# Kitty Wall Playscape



## dweamgoil (Feb 3, 2010)

I have been planning out some kitty wall playscape ideas and finally took the plunge to start my own at home. Our apartment is 2 bedrooms so having 4 cats and 3 people, it's a bit cozy. I wanted to provide them with some vertical space to run, climb, and jump off of. I picked a wall where they could climb up the shelving and hang out over the doorway. So far, most of the shelving is up (they are 16" L x 7.5" W):










They are actually not that crooked. The camera makes the whole setup look quite interesting.

It's not finished yet. Hopefully next weekend, I'll be able to entice my handyman and friend with more pizza to put up the shelving over the doorway into the kitchen:










The blue tape is where the shelves will go. The largest shelf will extend extend over the entire doorway. You can't see the tape mark on the right, but the board is about 60.25" long so they will have plenty of space to lounge and look over 'their domain'.

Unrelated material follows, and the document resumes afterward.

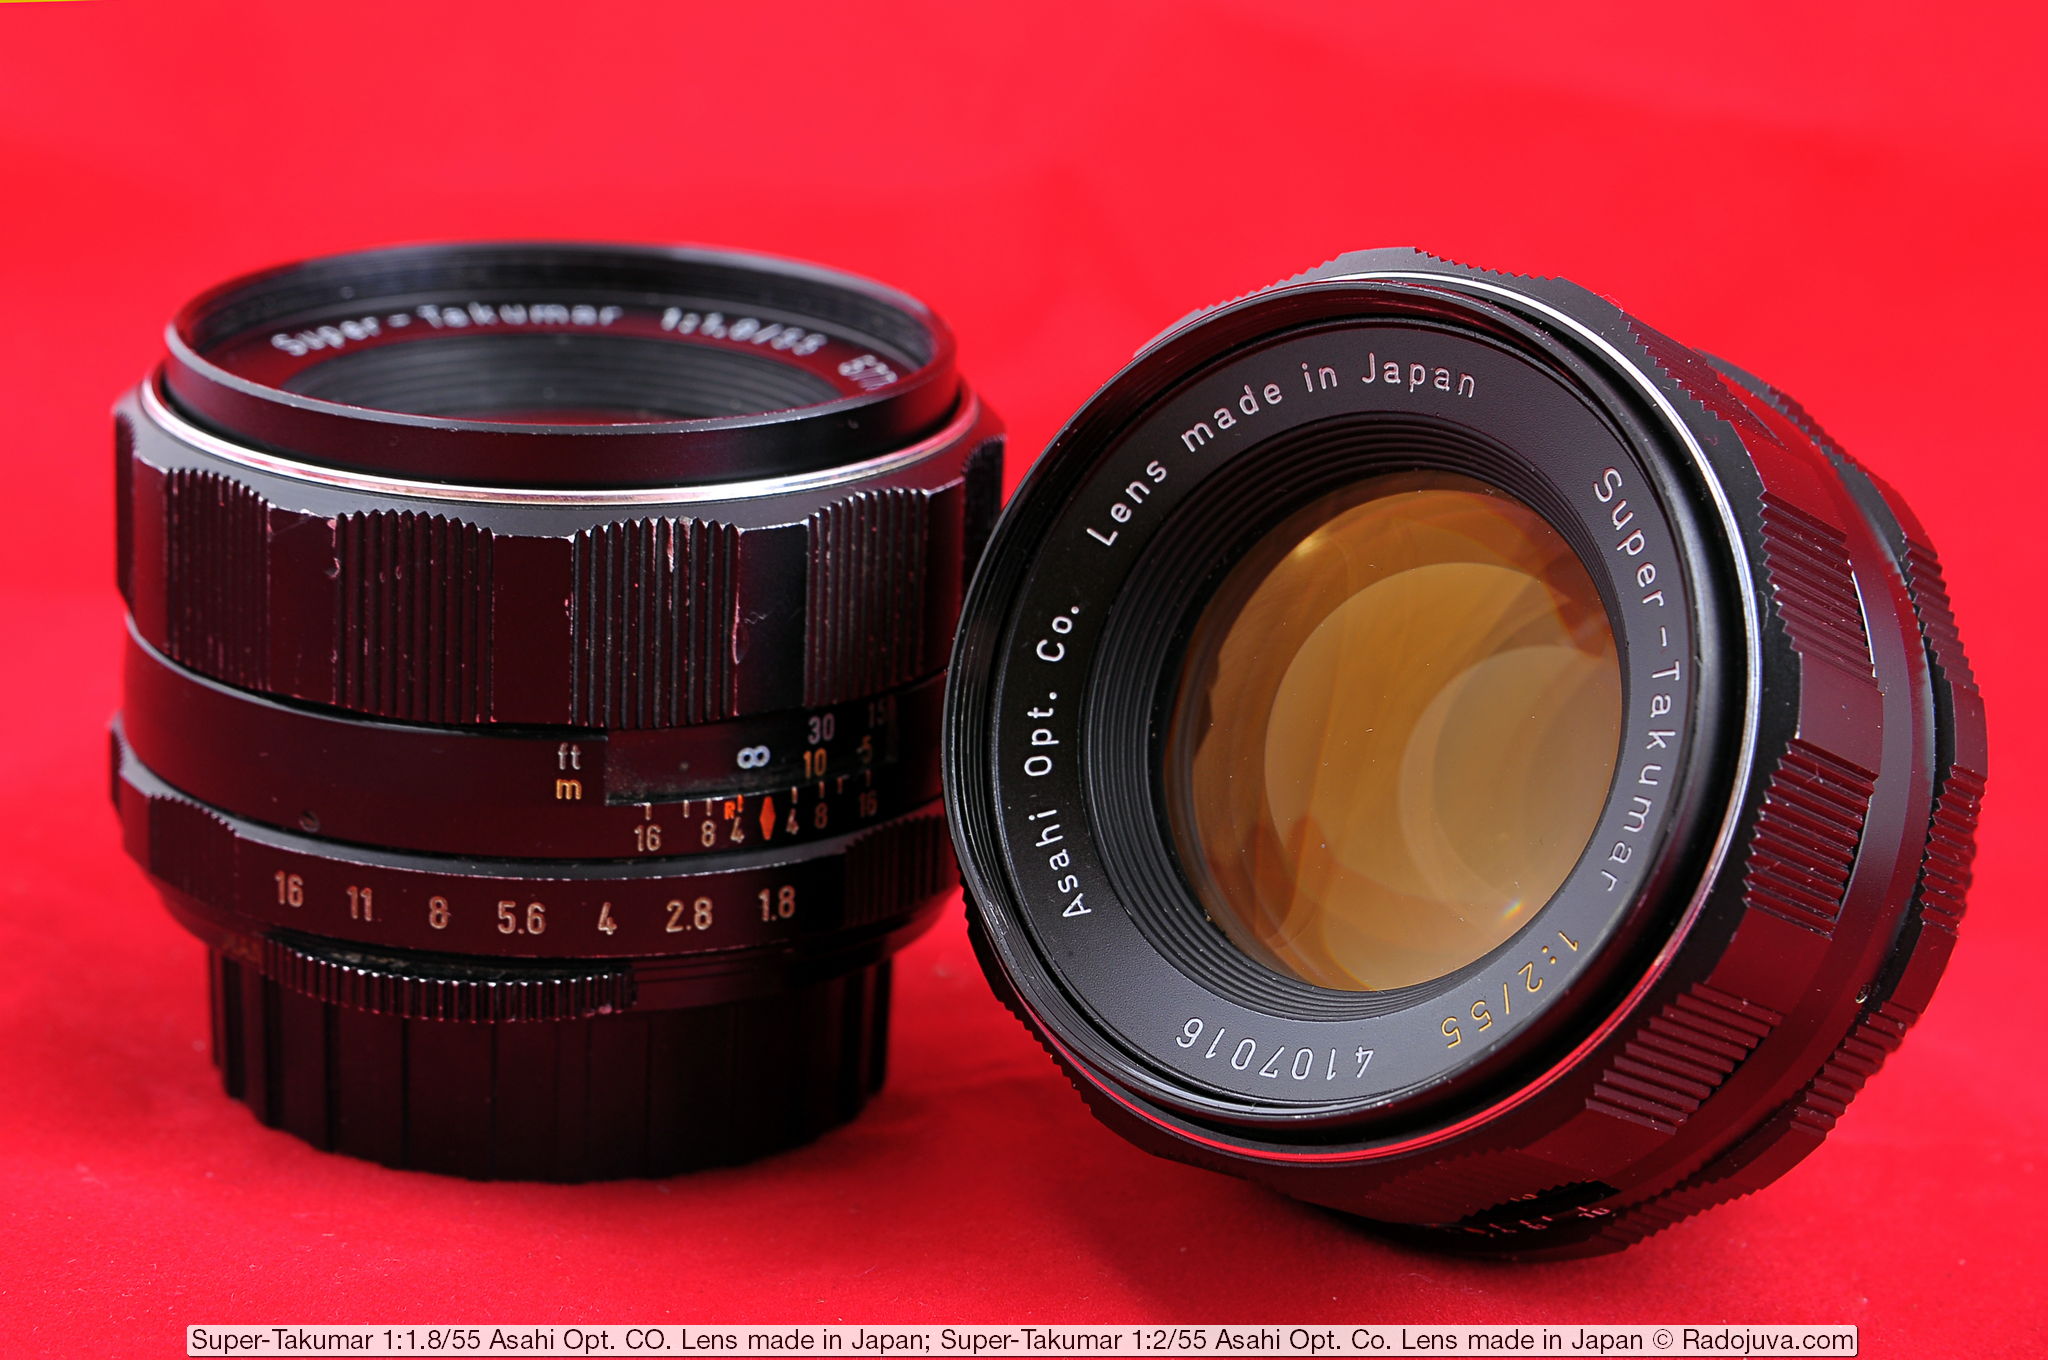 Объективы Super-Takumar 1:1.8/55 Asahi Opt. Co. Lens made in Japan и Super-Takumar 1:2/55 Asahi Opt. Co. Lens made in Japan

Of course, so far, they have not climbed up yet. Since the project threw off the flow of the room, I had to relocate the cat tree closer to the window, and they were freaking out. They were acting as if it was a 'new' cat tree, and not the same one in a different place...*cats!*

I'll try bribing them with some treats in the higher shelves. I am sure that will get them up there. My cats are very nutritionally motivated  So, to conclude, if this does not earn me the "crazy cat lady" monicker, I don't know what will...lol.


----------



## BotanyBlack (Apr 6, 2011)

hehe I was planning on doing this exact same thing.. i have alot of wall space and high ceilings. I am hoping it gives them more play space and keeps my son from constantly snatching them up when they want to be left alone.. I already have one that hangs out on a ledge at the 9 ft. mark... and only way i know he can possibly reach it is from jumping from the mantel and that is one major jump... but then he is the young one out of the bunch


----------



## KittieLover (May 2, 2011)

That's a really smart idea! But my Mum won't even let me have a scratching post with a seat on top I'm pretty certain that she won't let me make one of these.


----------



## KittehLuv'n (Feb 19, 2011)

I love it!
I have a similar set up in my basement. A wall with lots of shelves like yours and a long plank walk under two windows for them to look out.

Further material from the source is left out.